◆ **Assignment**:
Where the line with "39_JACQUELINE RICH WEDDING" appears below, start writing out lines exactly, and finish with the line with "Star Wars Battlefront", which is included; write out nothing else.

◆ **Material to process**:
——

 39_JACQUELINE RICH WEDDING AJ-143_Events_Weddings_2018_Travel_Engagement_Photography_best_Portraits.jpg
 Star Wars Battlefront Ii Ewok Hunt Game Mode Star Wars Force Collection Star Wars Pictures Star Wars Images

——

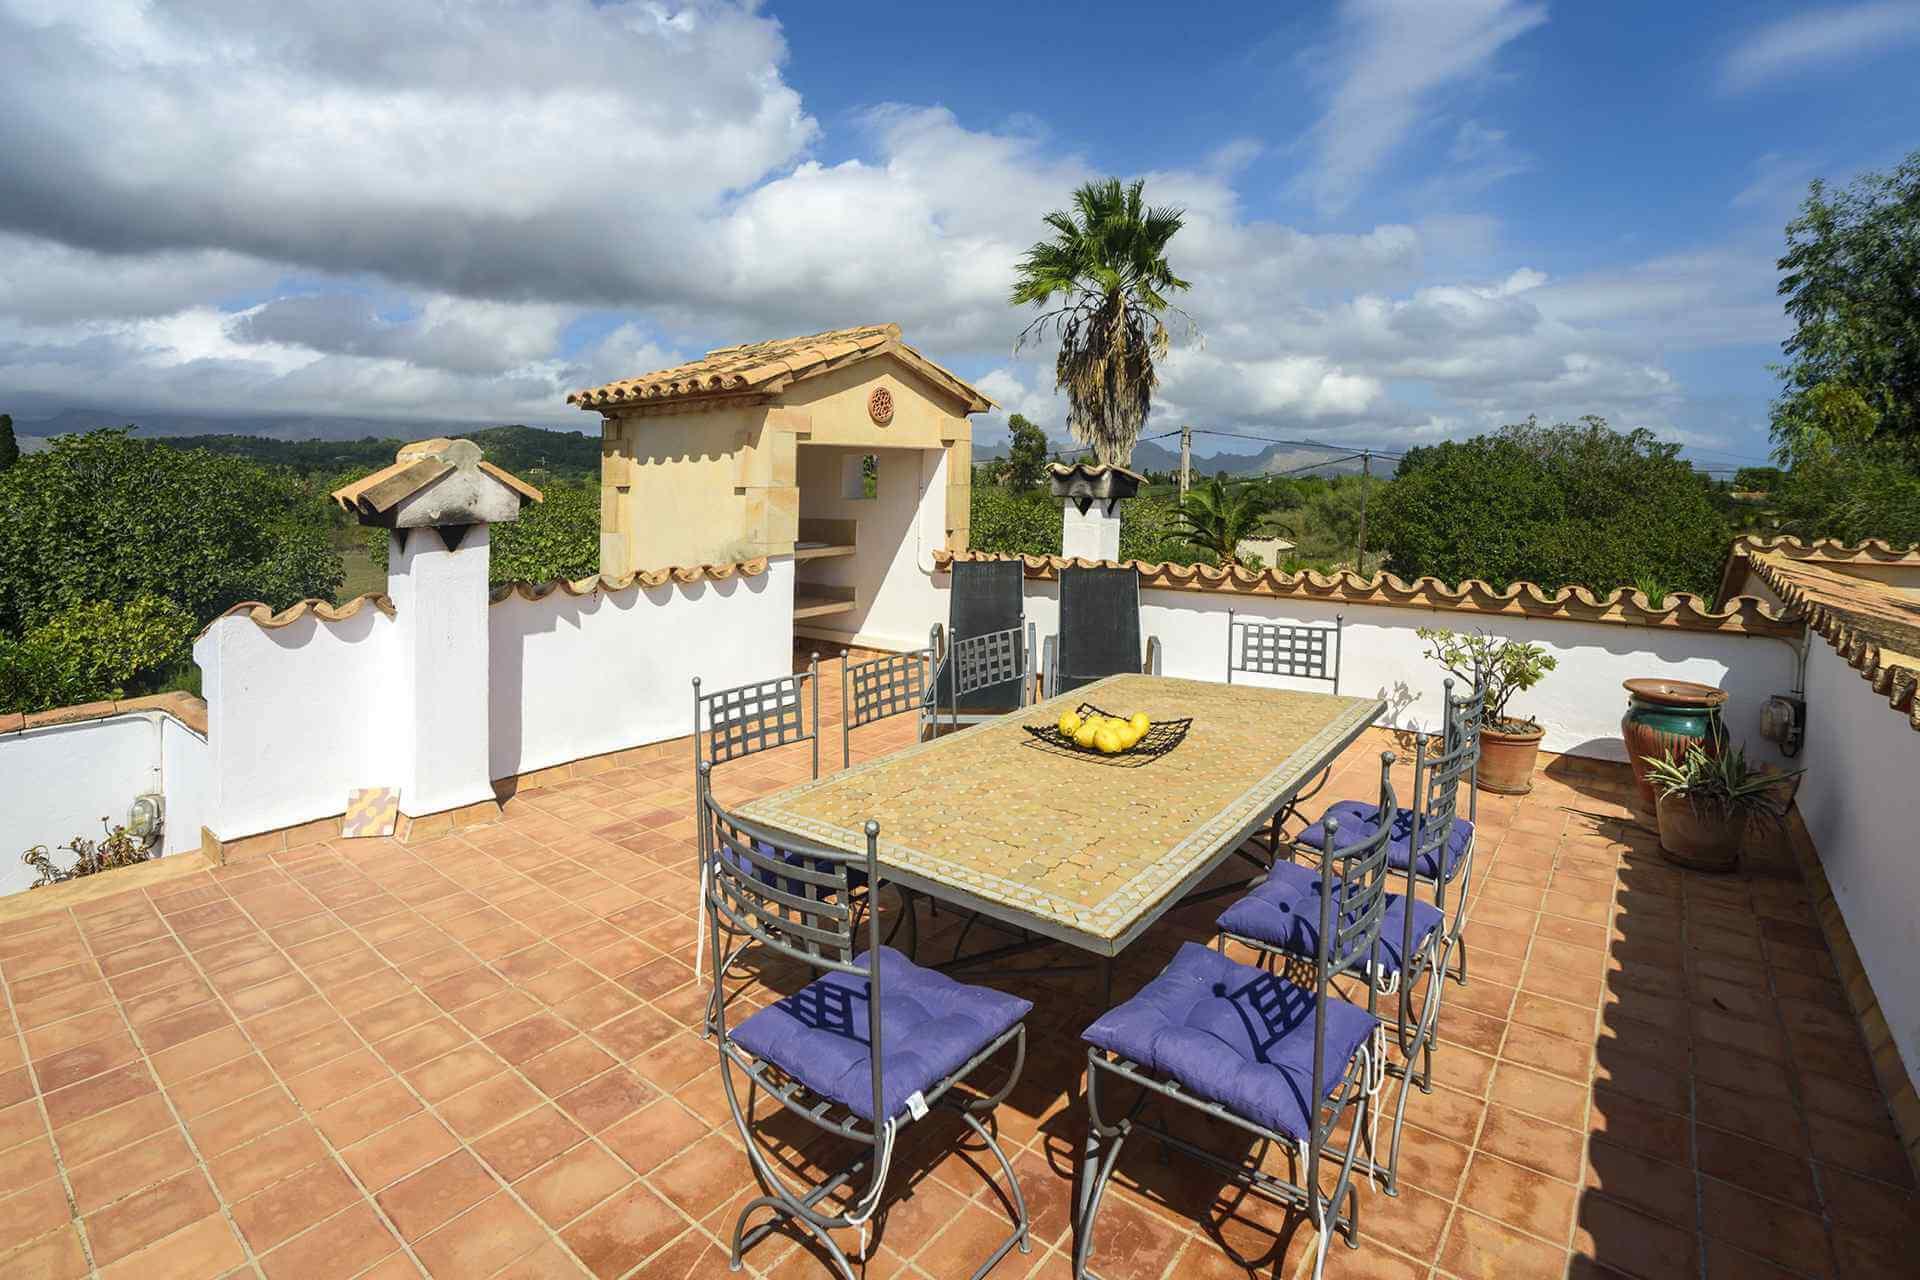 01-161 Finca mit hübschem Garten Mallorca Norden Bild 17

——

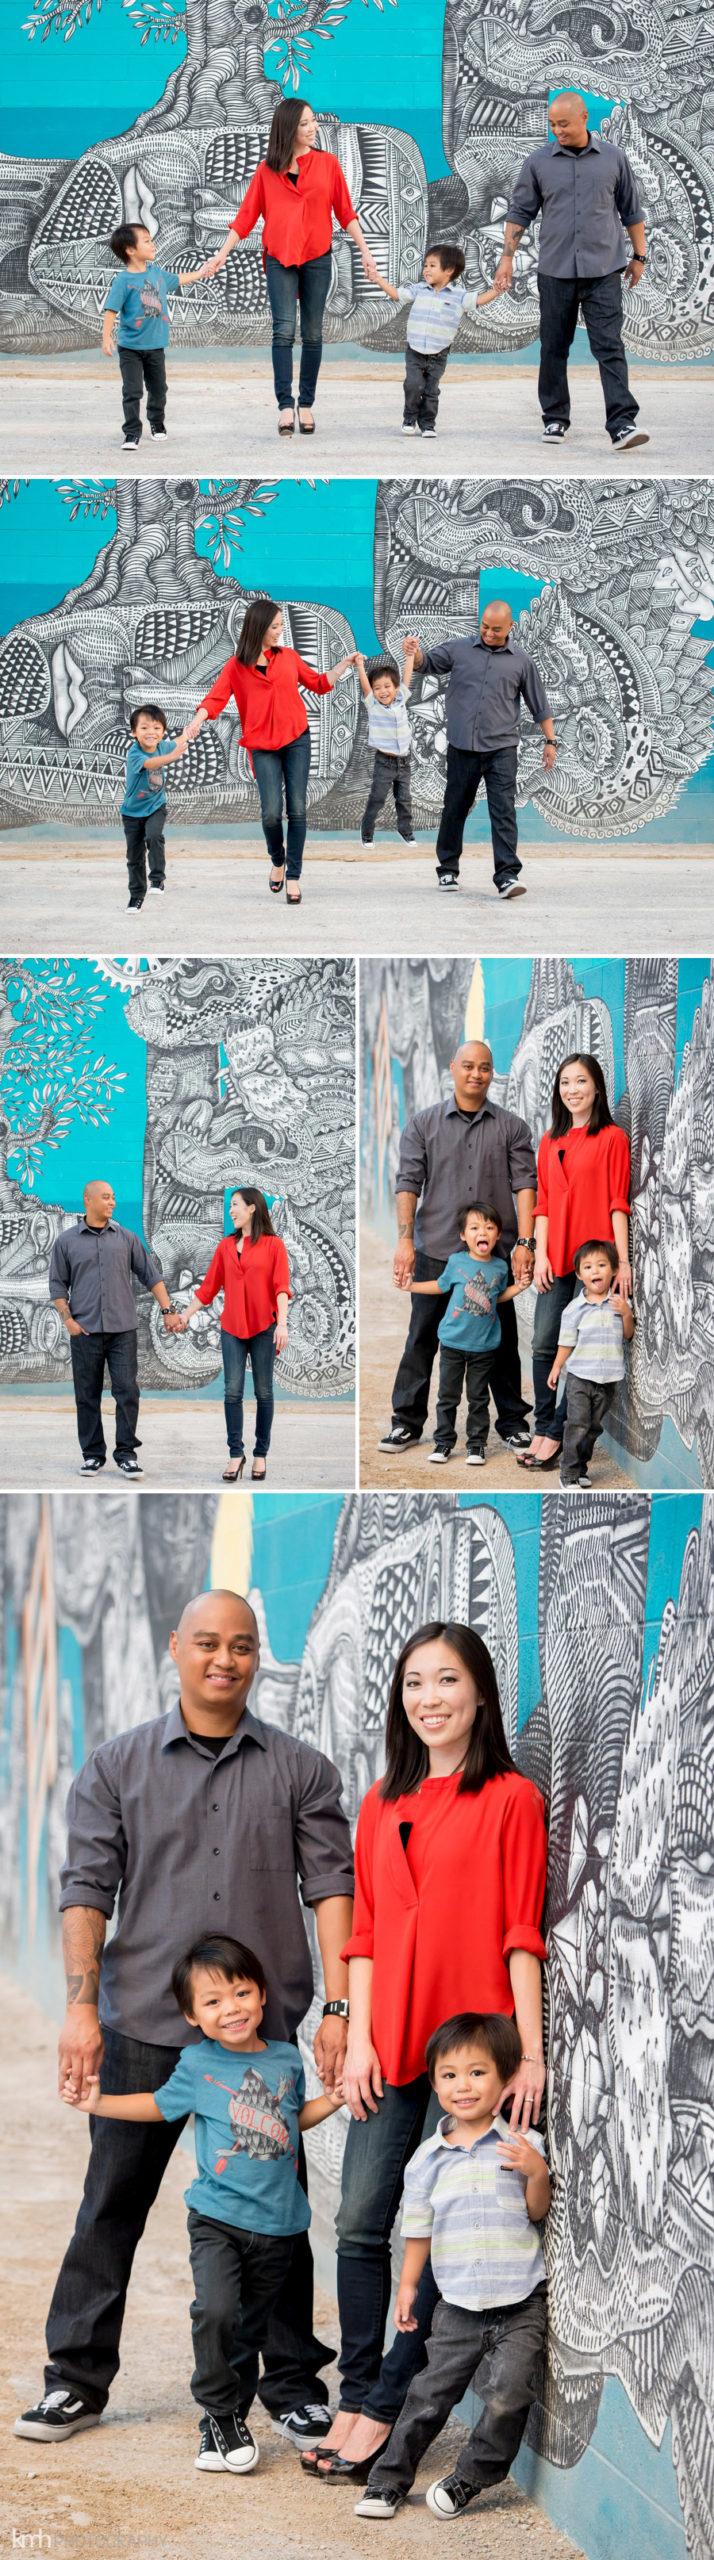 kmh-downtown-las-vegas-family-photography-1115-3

——

◆ **Your response**:
 39_JACQUELINE RICH WEDDING AJ-143_Events_Weddings_2018_Travel_Engagement_Photography_best_Portraits.jpg
 Star Wars Battlefront Ii Ewok Hunt Game Mode Star Wars Force Collection Star Wars Pictures Star Wars Images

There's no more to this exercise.